■ **TASK REQUIREMENTS**
Every line of the data below is to be duplicated exactly, pictures excepted.

■ **GIVEN INFORMATION**

____

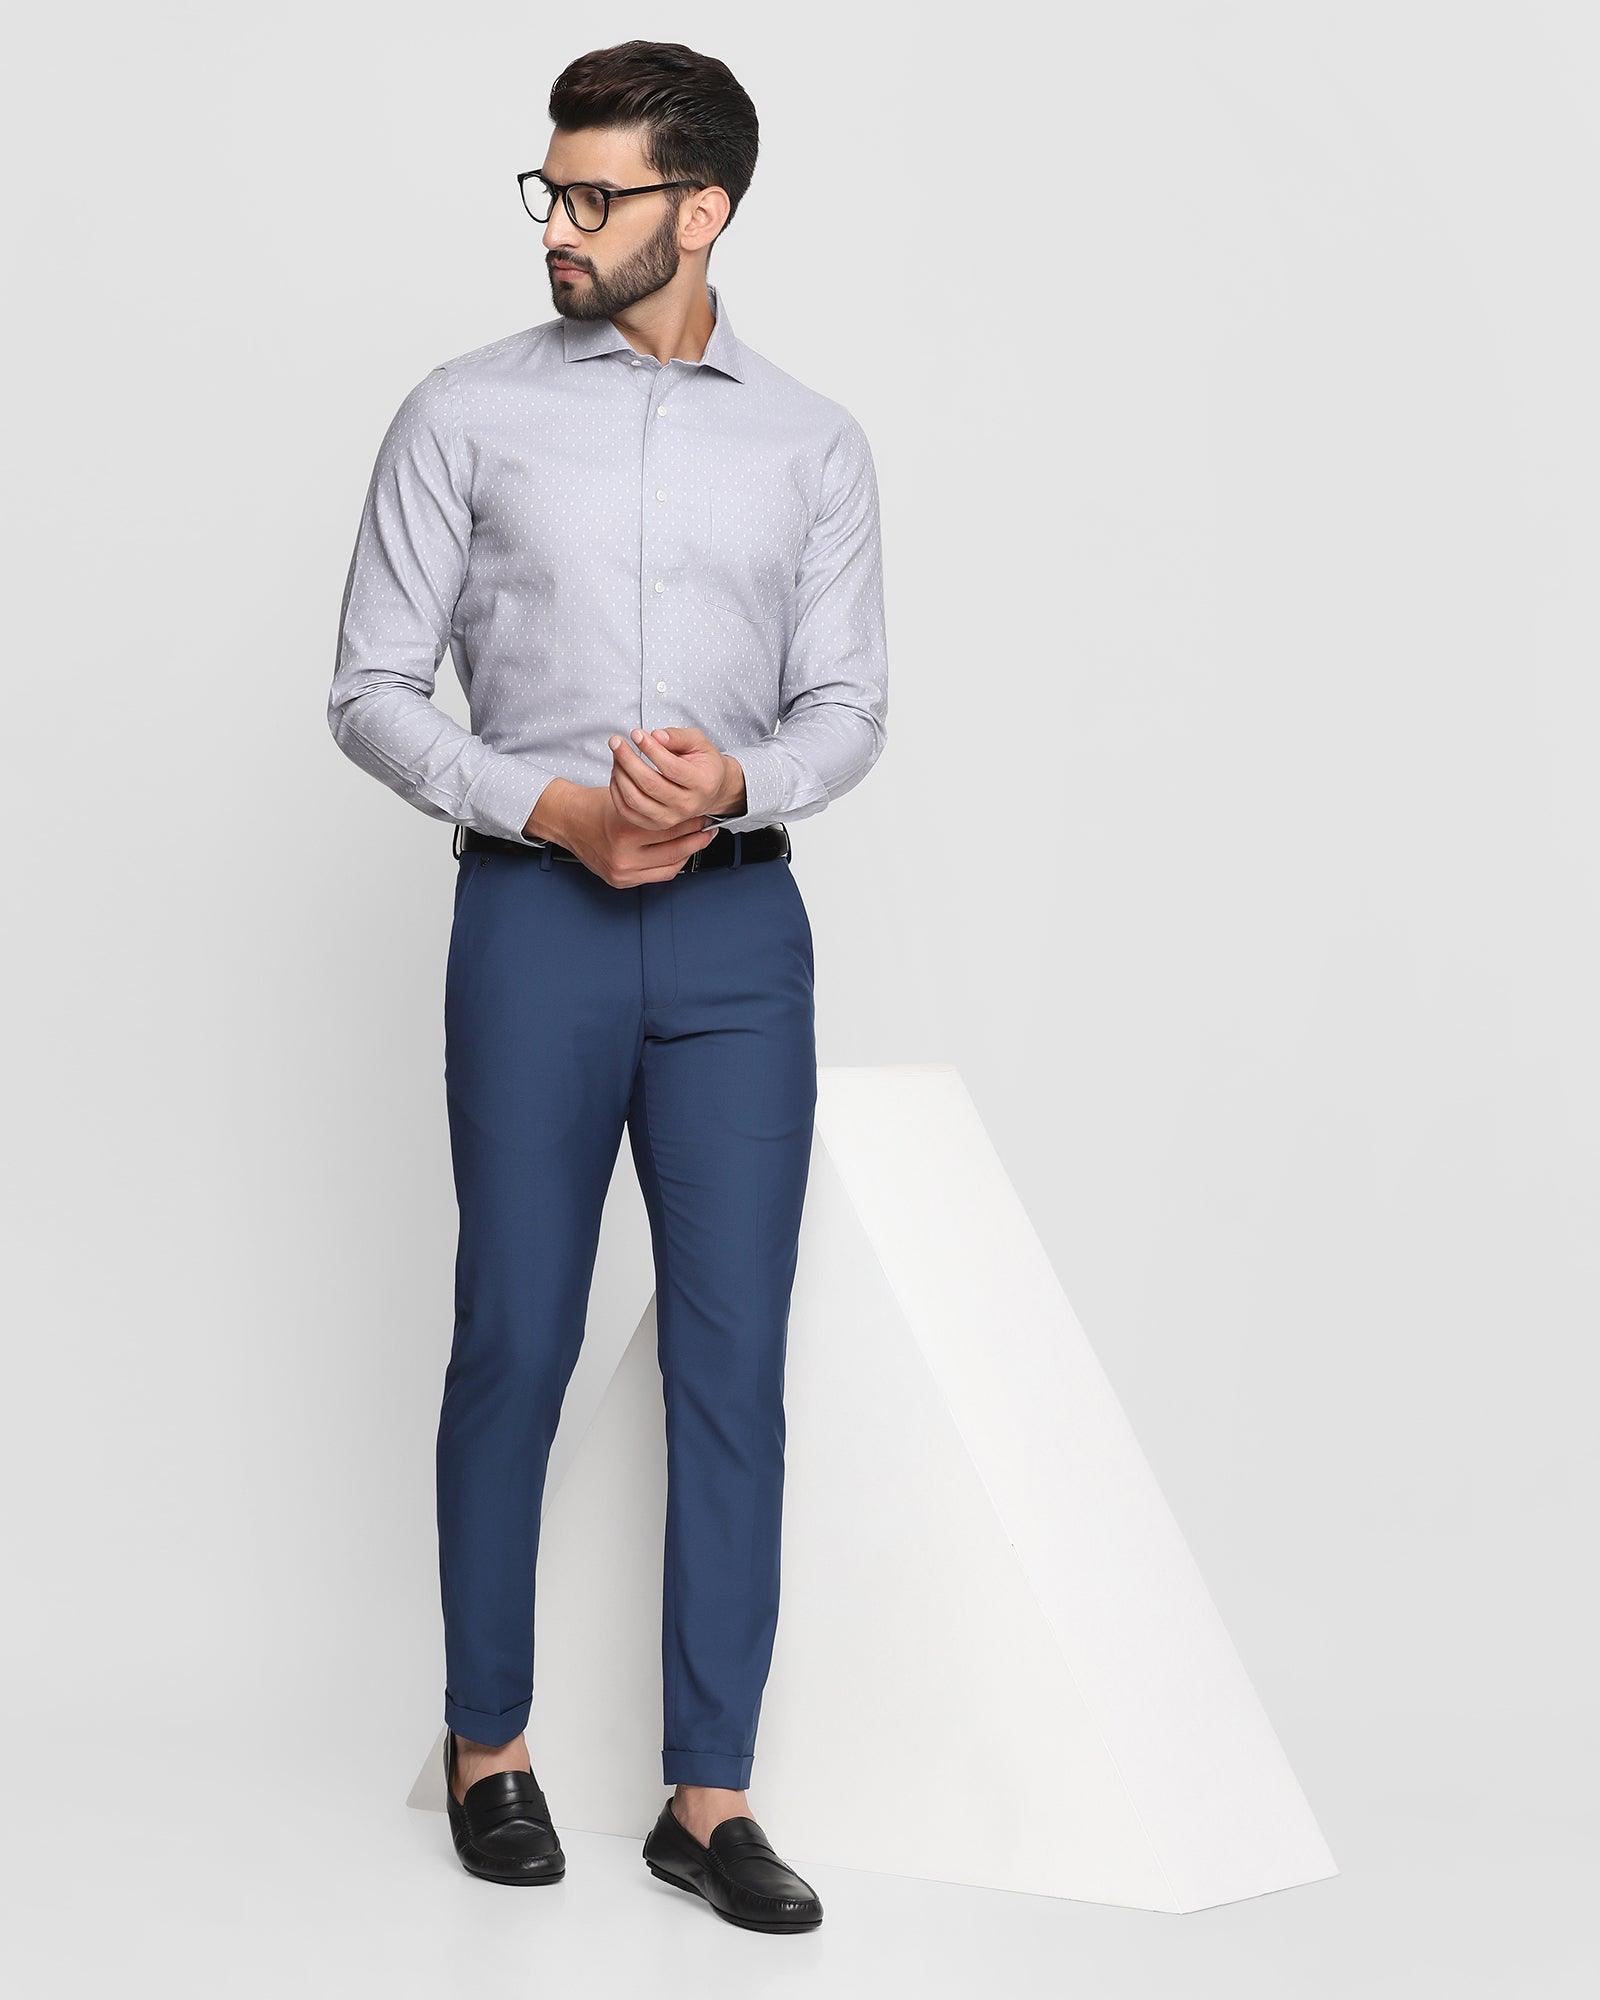 Buy The 24 Marble Grey Trouser | Beyours
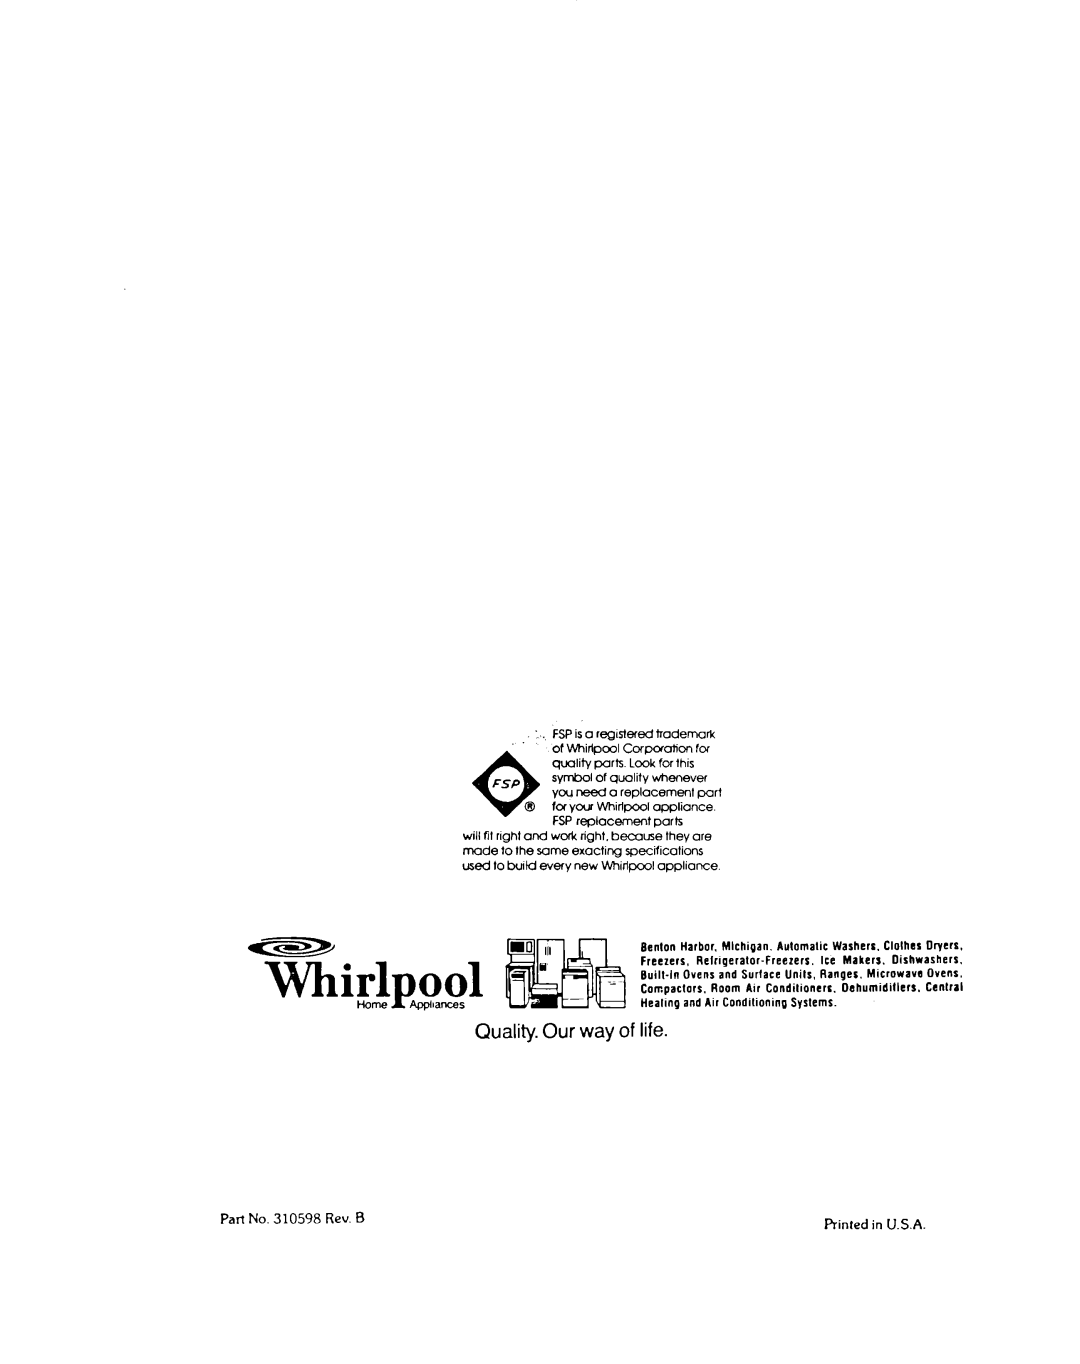 Whirlpool RJE-3300 manual Quality. Our way of life 
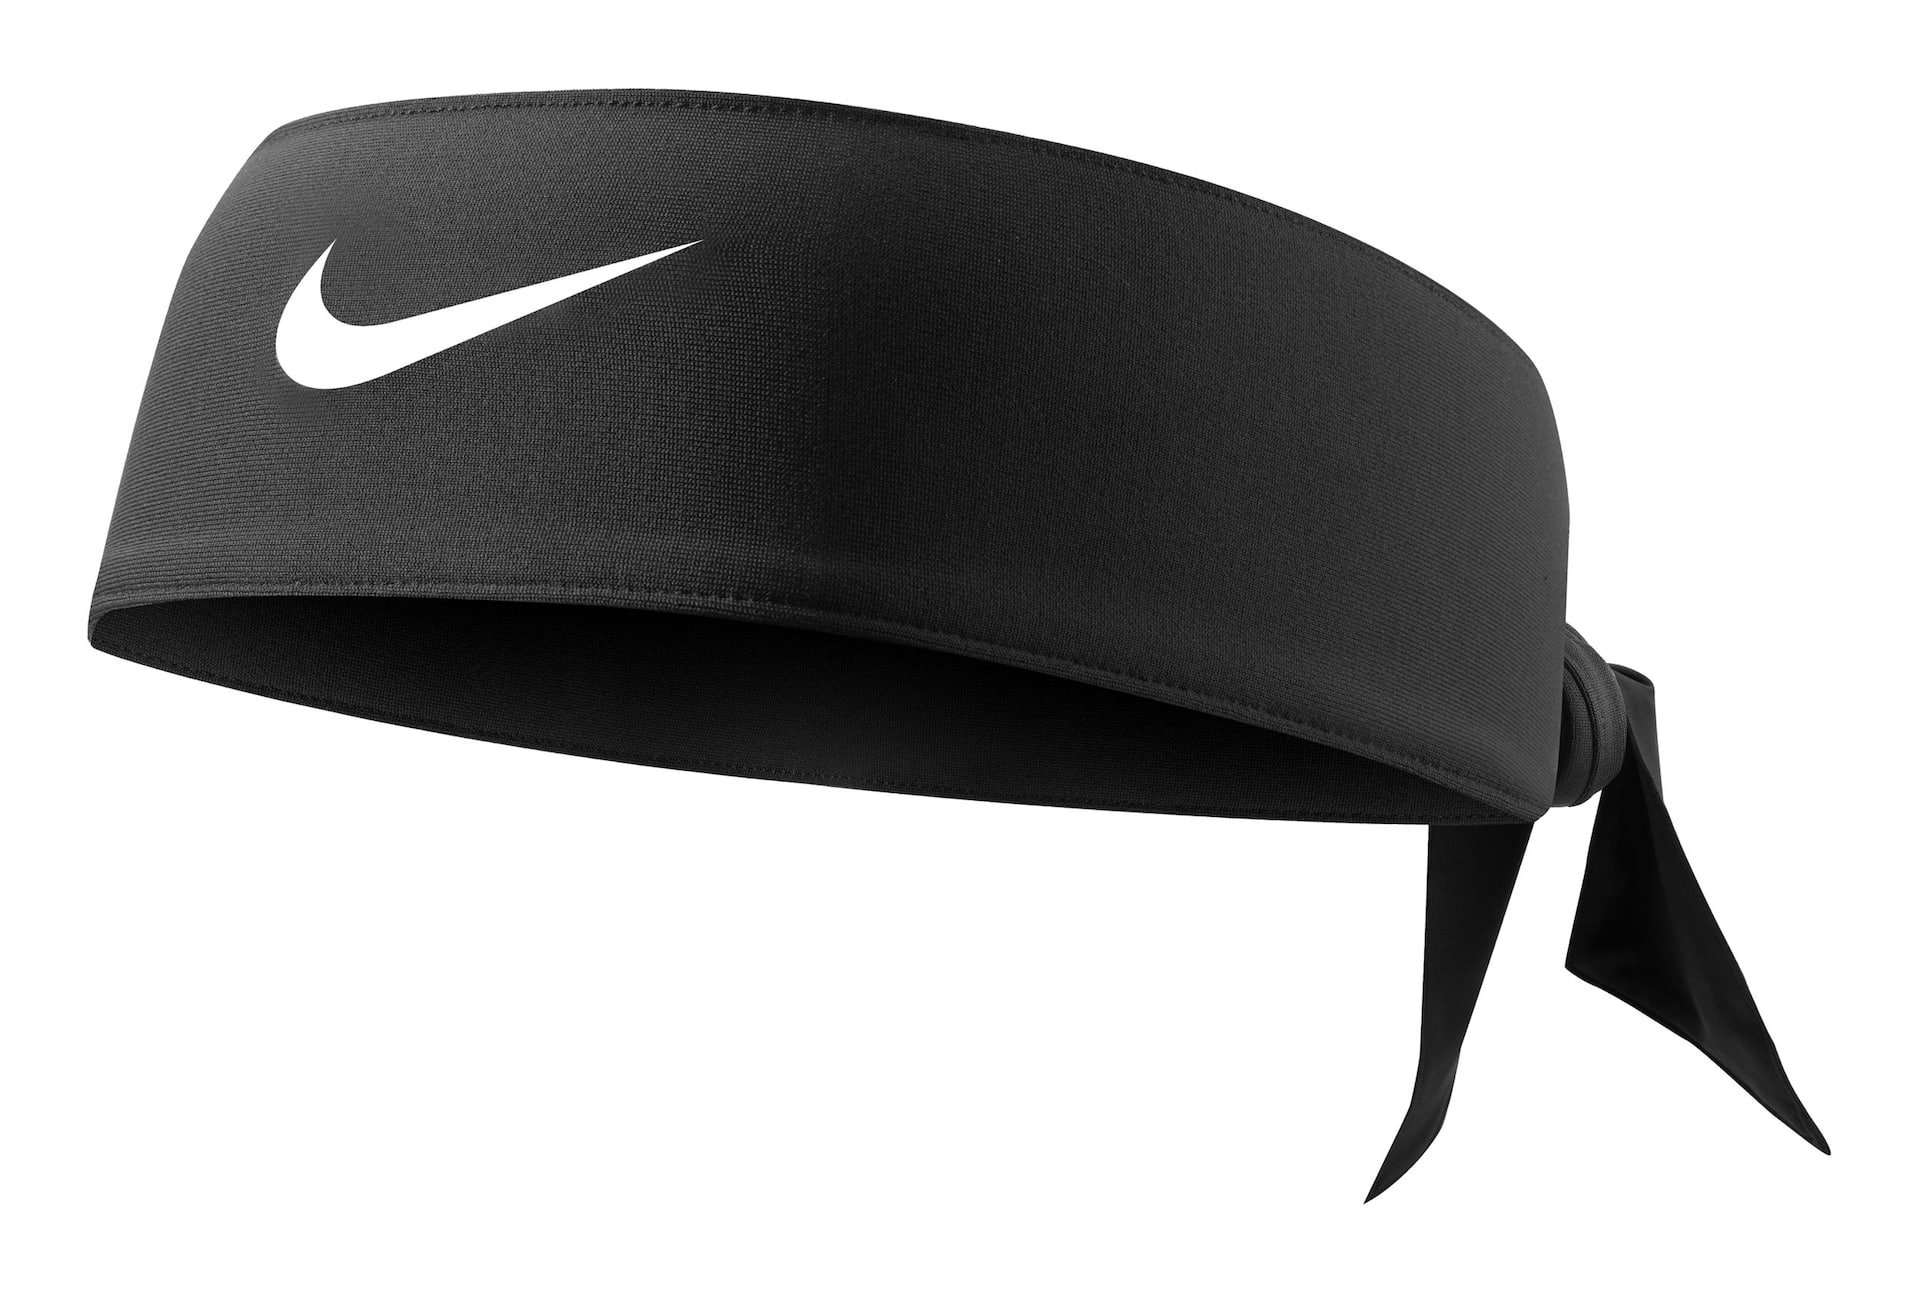 Best price for NIKE Dri-FIT ADV Fly Cap U AB Reflective (Headbands and caps), Trakks Outdoor at TraKKs eShop, the Running and Outdoor specialist
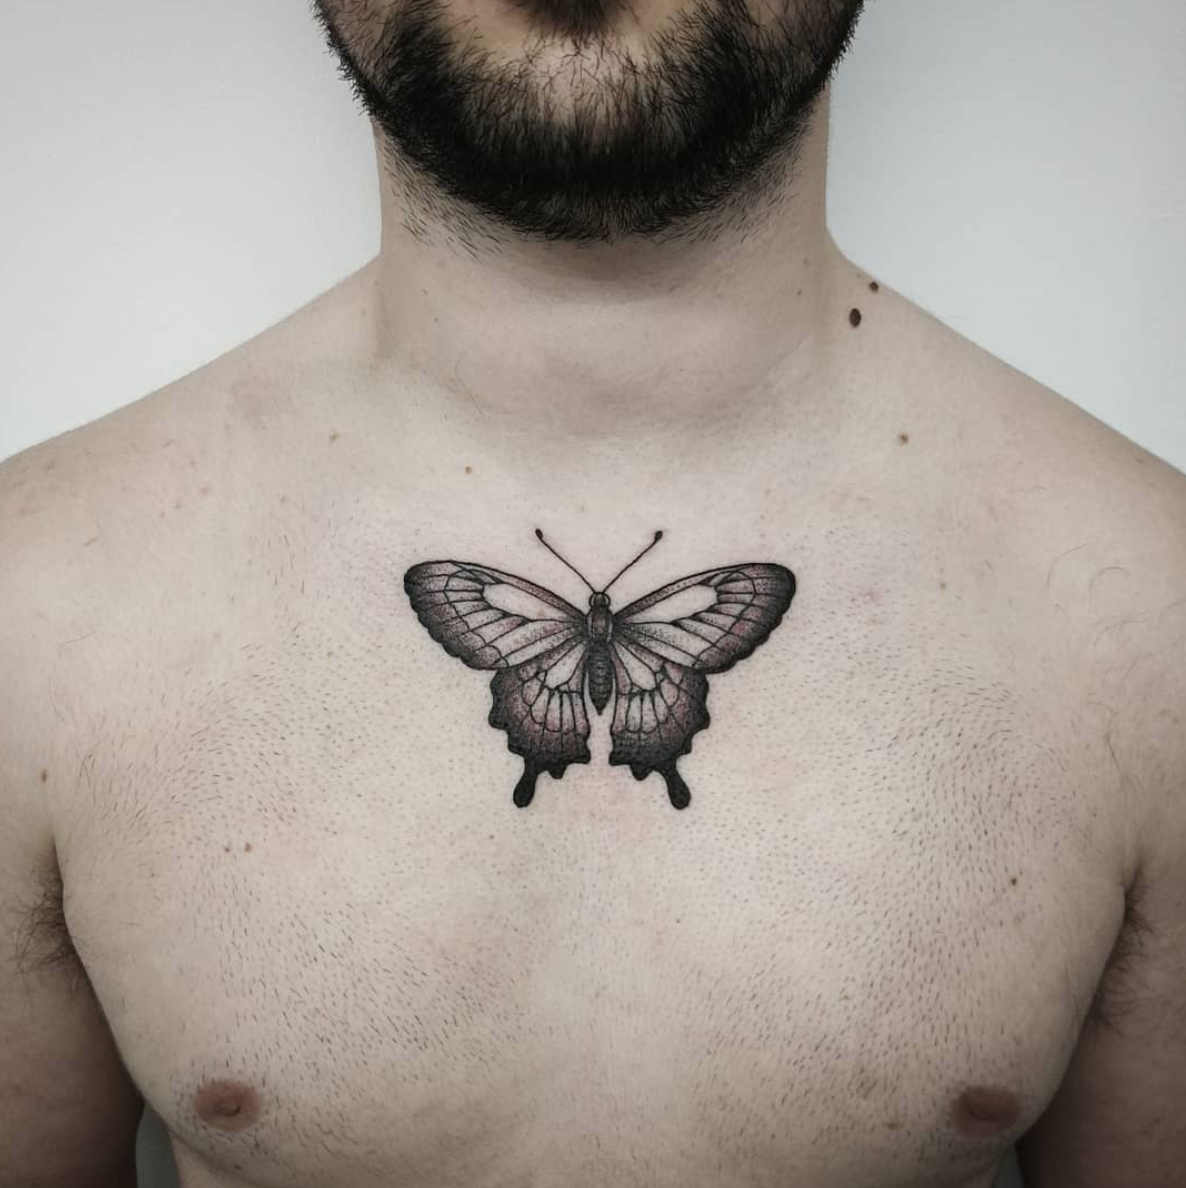 Butterfly Tattoo Designs For Men * Arm Tattoo Sites.

____

■ **OUTPUT OF THE EXERCISE**
 Buy The 24 Marble Grey Trouser | Beyours
 Whirlpool RJE-3300 manual Quality. Our way of life 
 Best price for NIKE Dri-FIT ADV Fly Cap U AB Reflective (Headbands and caps), Trakks Outdoor at TraKKs eShop, the Running and Outdoor specialist
 Butterfly Tattoo Designs For Men * Arm Tattoo Sites.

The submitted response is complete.